Литмир - Электронная Библиотека
Содержание  
A
A

— Сразу же после нашего разговора я вызвал Кузьму Фомича к себе, — ответил Калюжный. — Побеседовали. Обо всем мы с ним условились. Он согласился, и я был уверен, что все будет хорошо. А ночью он подседлал коня и был таков, сбежал табунщик.

— Странно, — сказал Проскуров, направляясь к выходу.

— Сознаю, нехорошо получилось, — согласился Калюжный. — Оттого, что убежал табунщик, загрустил и Холмов. Знаешь, что он сказал? Смешно! С Кузьмой, говорит, я был человеком, мог путешествовать, а без брата не знаю, как мне теперь добраться до Весленеевской. И все это свел к аллегории. Так же, говорит, как я ничего не стою в дороге без брата, так и мы, руководители, ничего не значим без своего народа. Так и сказал…

— Ладно, поедем к Холмову.

И Проскуров первым покинул кабинет.

Еще в дороге, думая о встрече с Холмовым, и теперь, входя в дом Калюжного, Проскуров мысленно готовился к неприятному разговору с другом.
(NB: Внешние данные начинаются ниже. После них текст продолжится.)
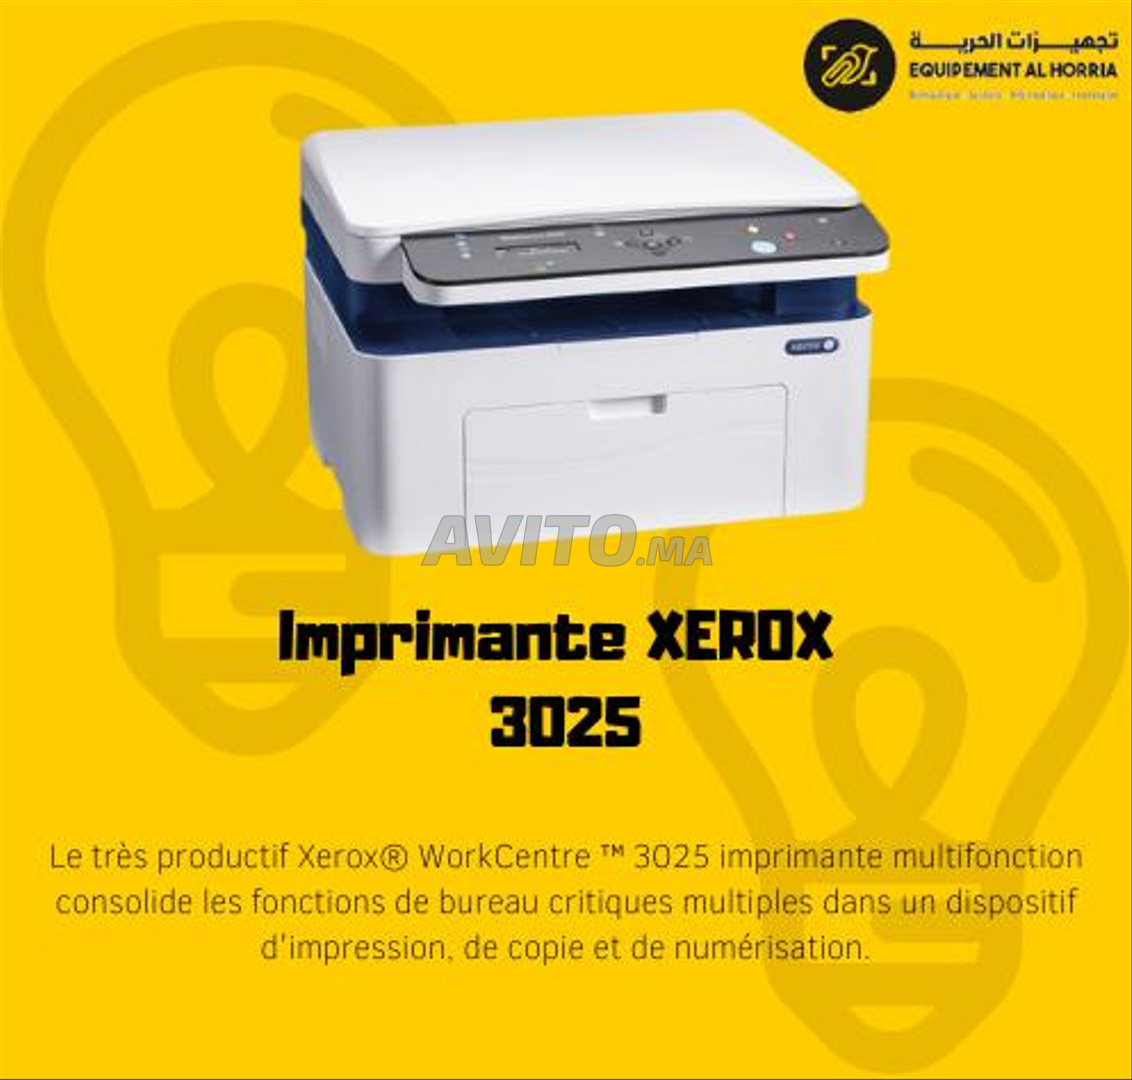 Imprimante XEROX 3025 - 2

Но опасения оказались напрасными. Разговора вообще не получилось.

Проскуров заметил, что Холмов похудел и посмуглел и что голова его стала еще белее. В чужой полосатой пижаме, похожий на выздоравливающего больного, прихрамывая, Холмов встретил Проскурова не то чтобы холодно, а с какой-то странной грустью в глазах.
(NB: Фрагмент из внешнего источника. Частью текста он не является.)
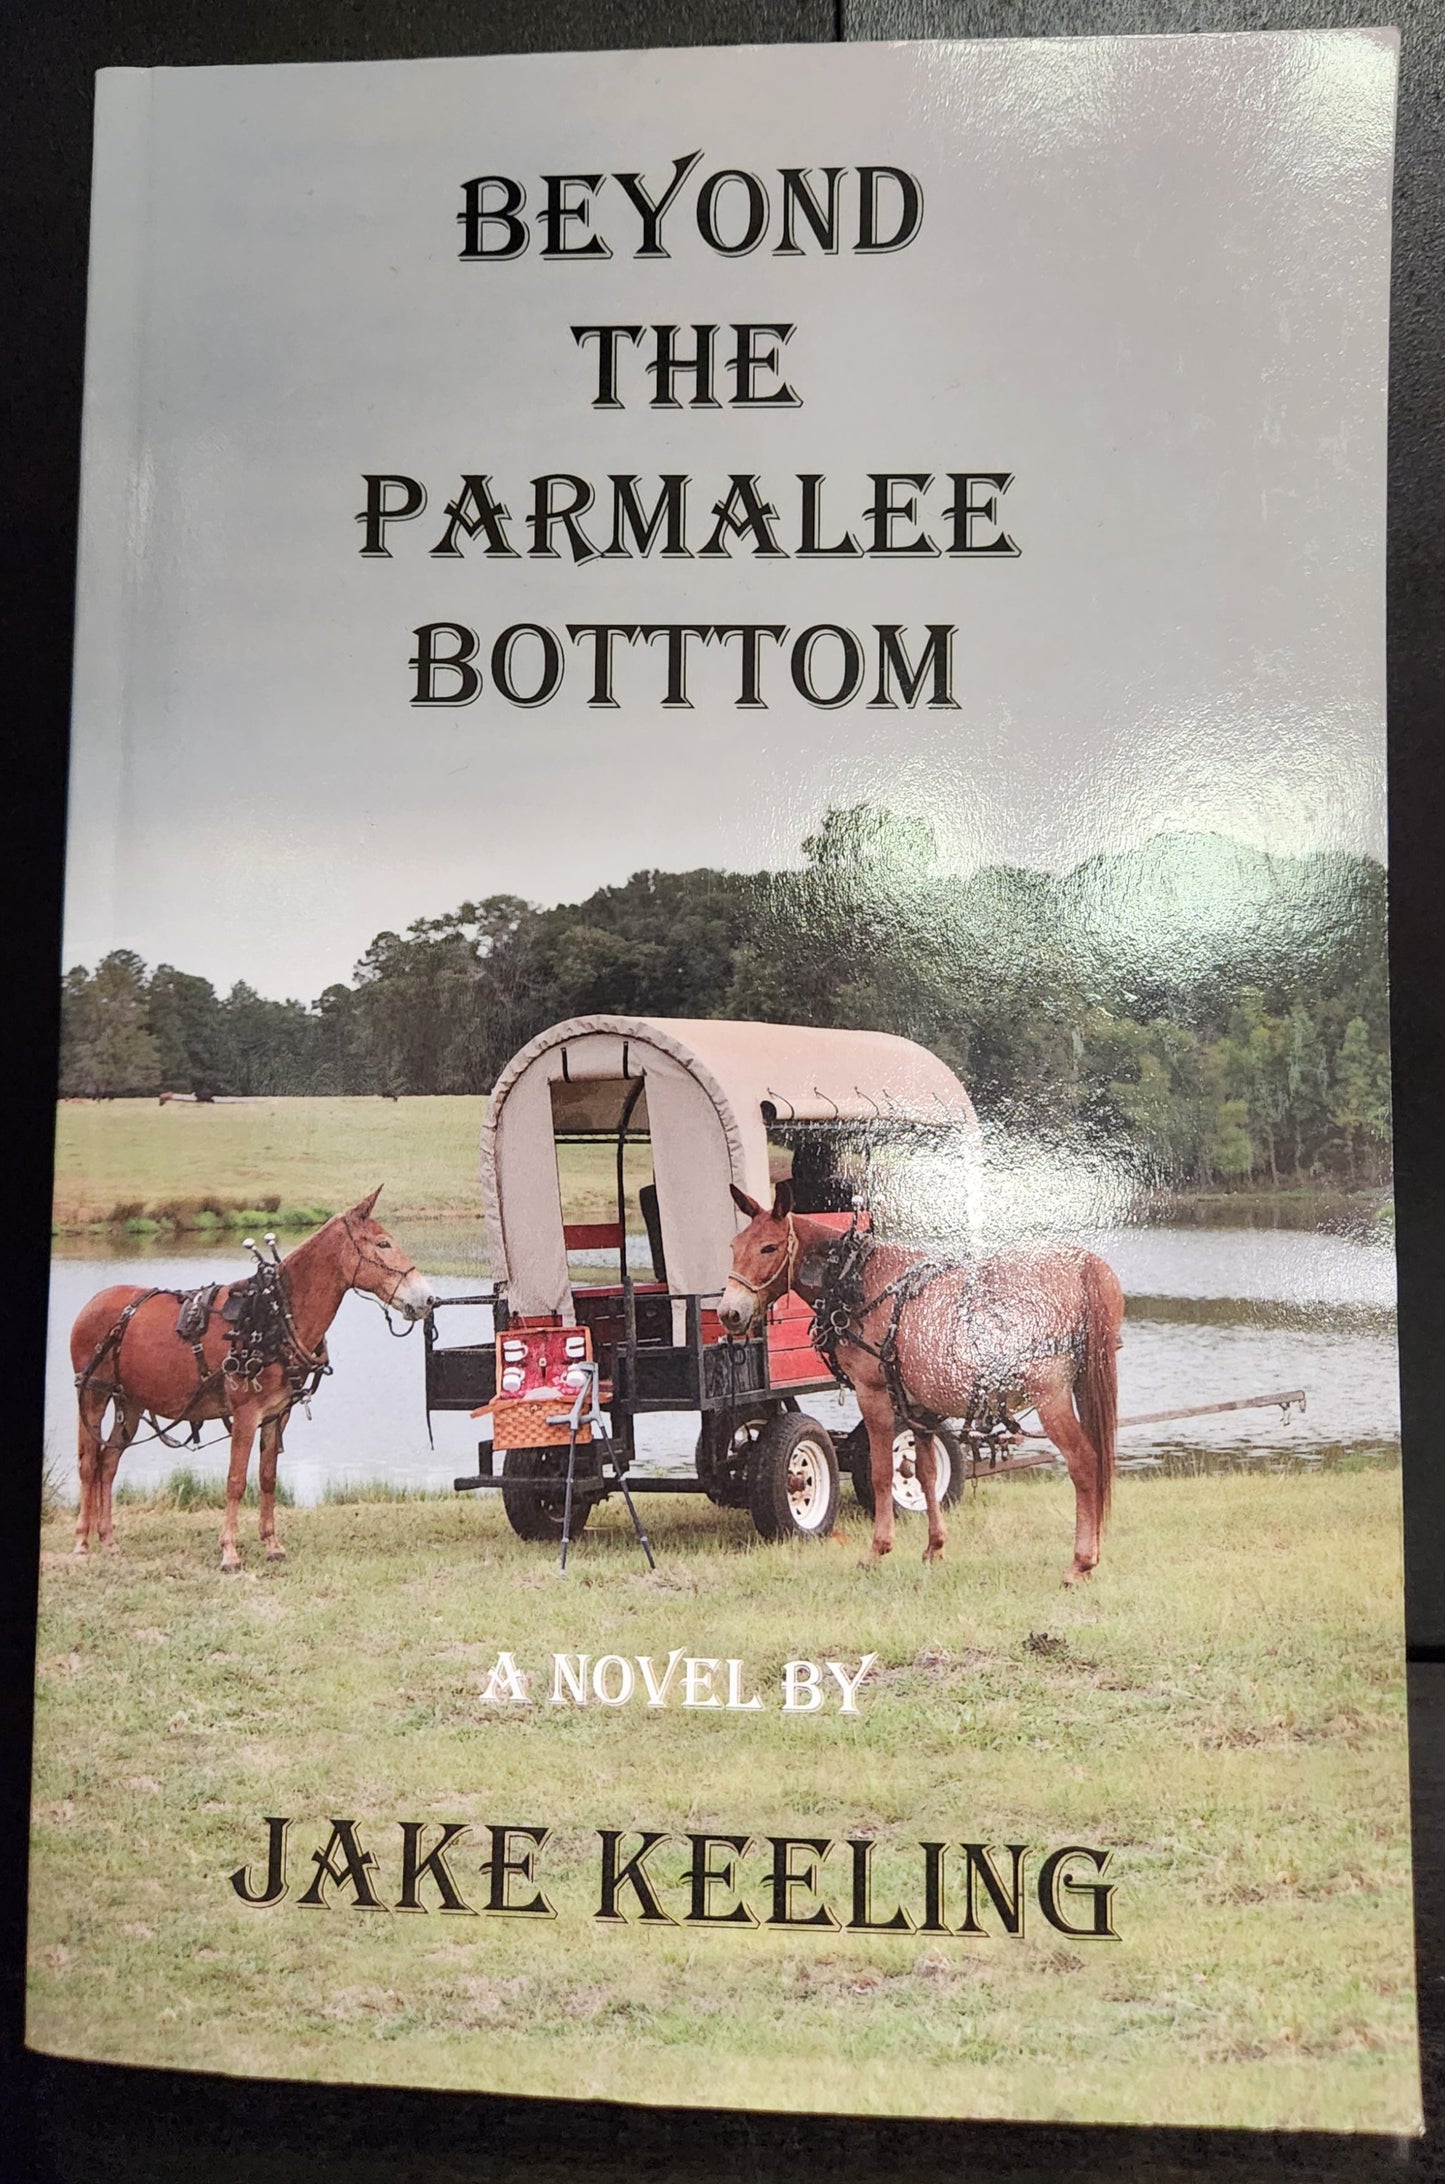 Beyond The Parmalee Bottom, by Jake Keeling

Они сели на диван. Проскуров справился у Холмова о самочувствии, сказал, что надо было взять машину и уехать в Весленеевскую. Холмов говорил, что самочувствие у него отличное и если бы не больная нога, то он уже был бы в Весленеевской.

— Нога больная — это тебе в наказание за самовольство, — со смехом сказал Проскуров. — Но теперь поедешь на машине. «Волга» прибыла специально для тебя.

— Мое положение безвыходное, волей-неволей придется воспользоваться твоей любезностью, — сказал Холмов.

За столом, когда сели обедать и выпили по рюмке вишневки, которую, мило улыбаясь, предложила Надюша, они снова говорили не о том, о чем нужно было бы им поговорить, а о всяких пустяках.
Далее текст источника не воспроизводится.